Segment Start: THE DATA

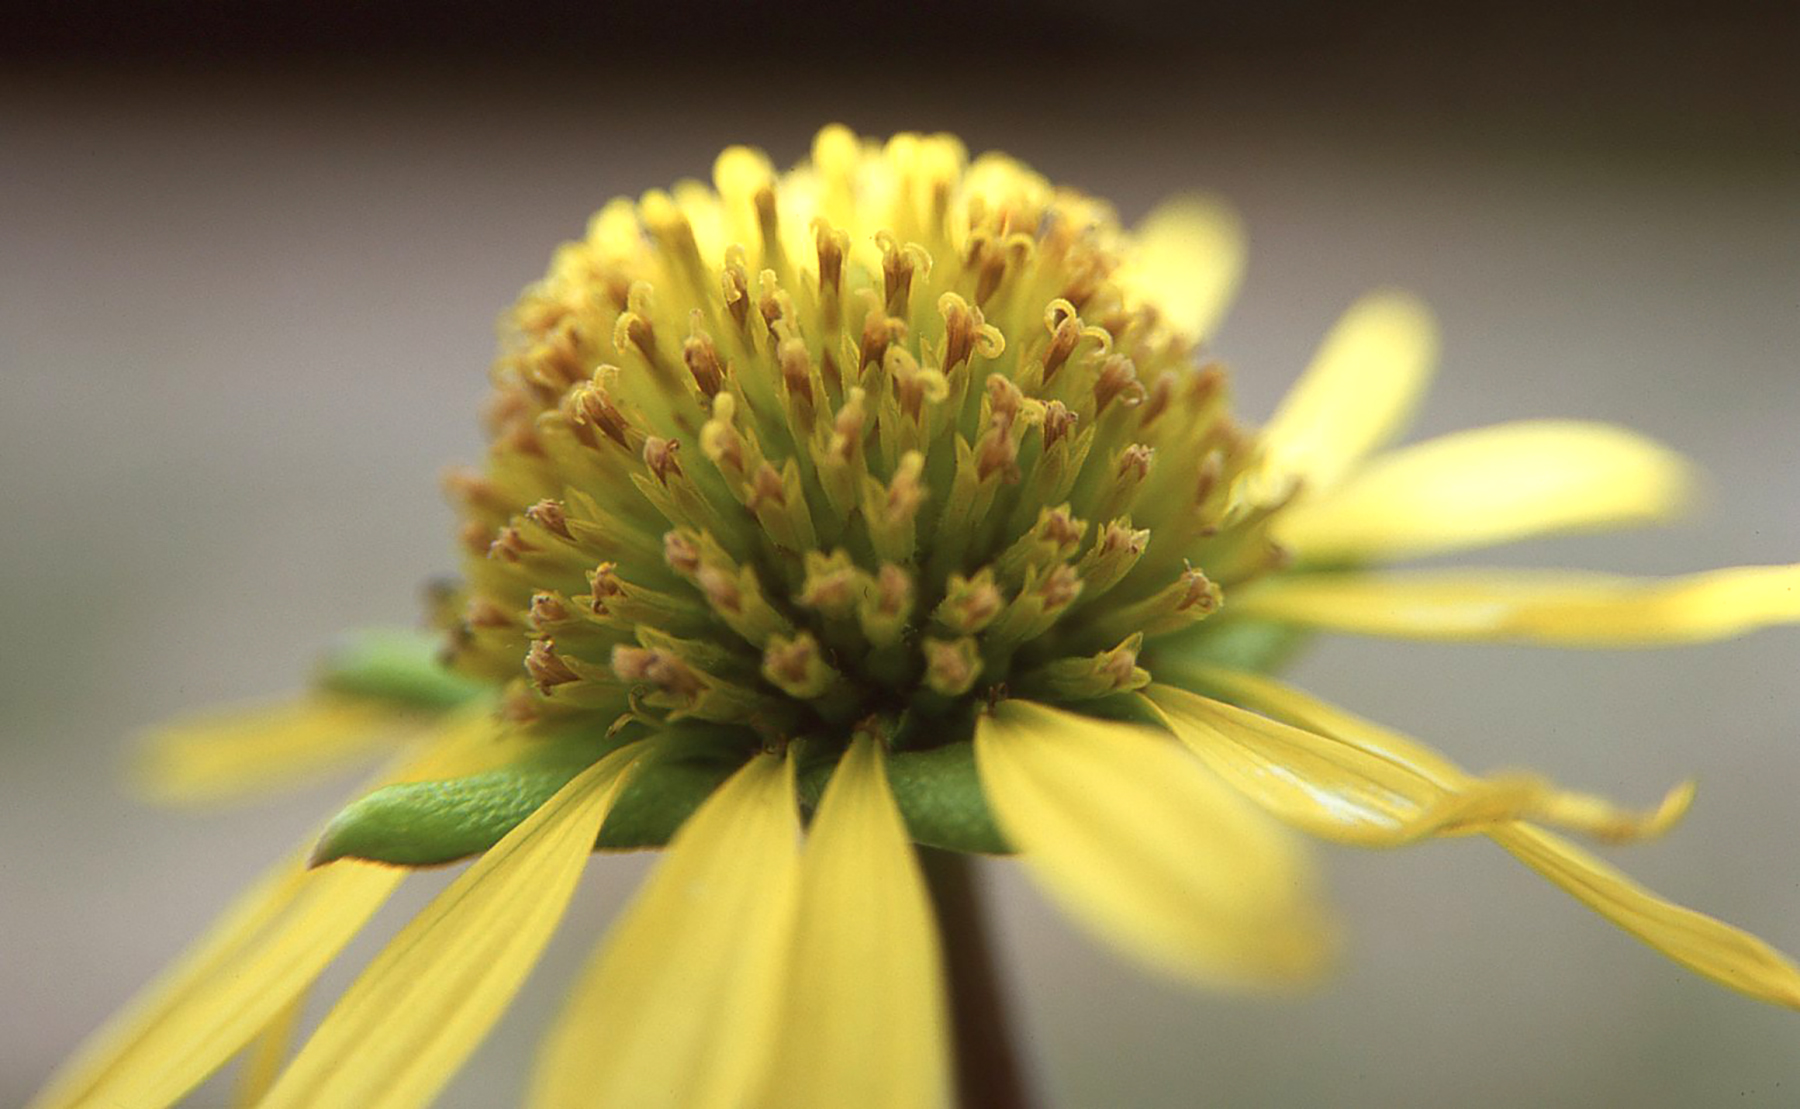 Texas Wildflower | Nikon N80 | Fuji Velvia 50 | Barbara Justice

Segment End: THE DATA
Segment Start: THE DATA

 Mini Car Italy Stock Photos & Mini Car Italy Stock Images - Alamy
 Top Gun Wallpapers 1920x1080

Segment End: THE DATA
Segment Start: THE DATA

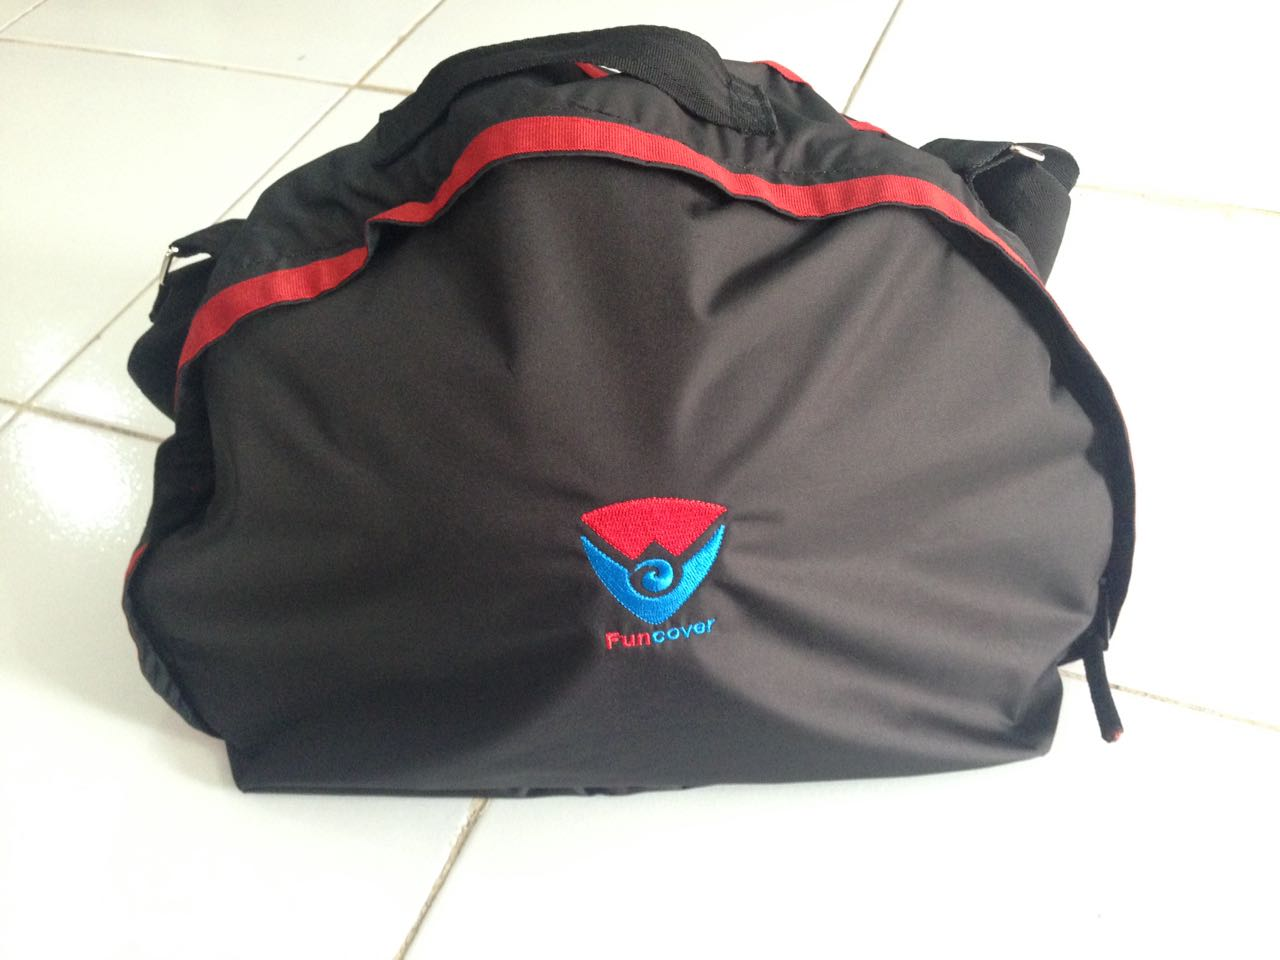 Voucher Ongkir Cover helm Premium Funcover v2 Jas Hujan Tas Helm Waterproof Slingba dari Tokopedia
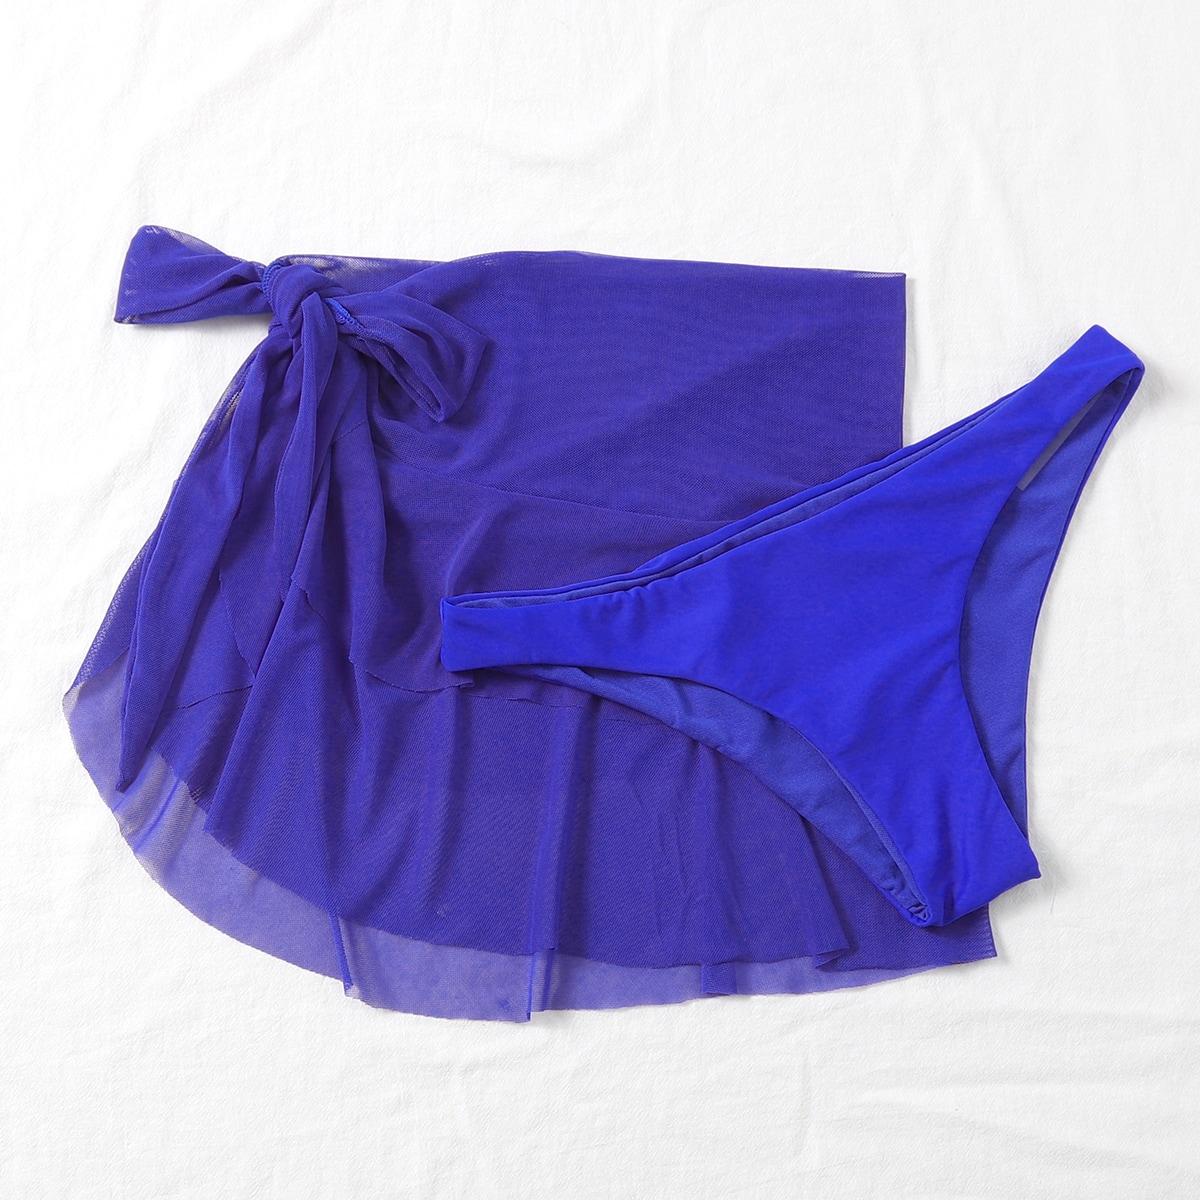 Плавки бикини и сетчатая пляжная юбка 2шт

Segment End: THE DATA

ABOUT THIS EXERCISE: What should come back is an exact copy of the lines above from the line with "Voucher Ongkir Cover" to the line with "Плавки бикини и сетчатая пляжная юбка 2шт", both included, minus the pictures.

RESULT:
 Voucher Ongkir Cover helm Premium Funcover v2 Jas Hujan Tas Helm Waterproof Slingba dari Tokopedia
 Плавки бикини и сетчатая пляжная юбка 2шт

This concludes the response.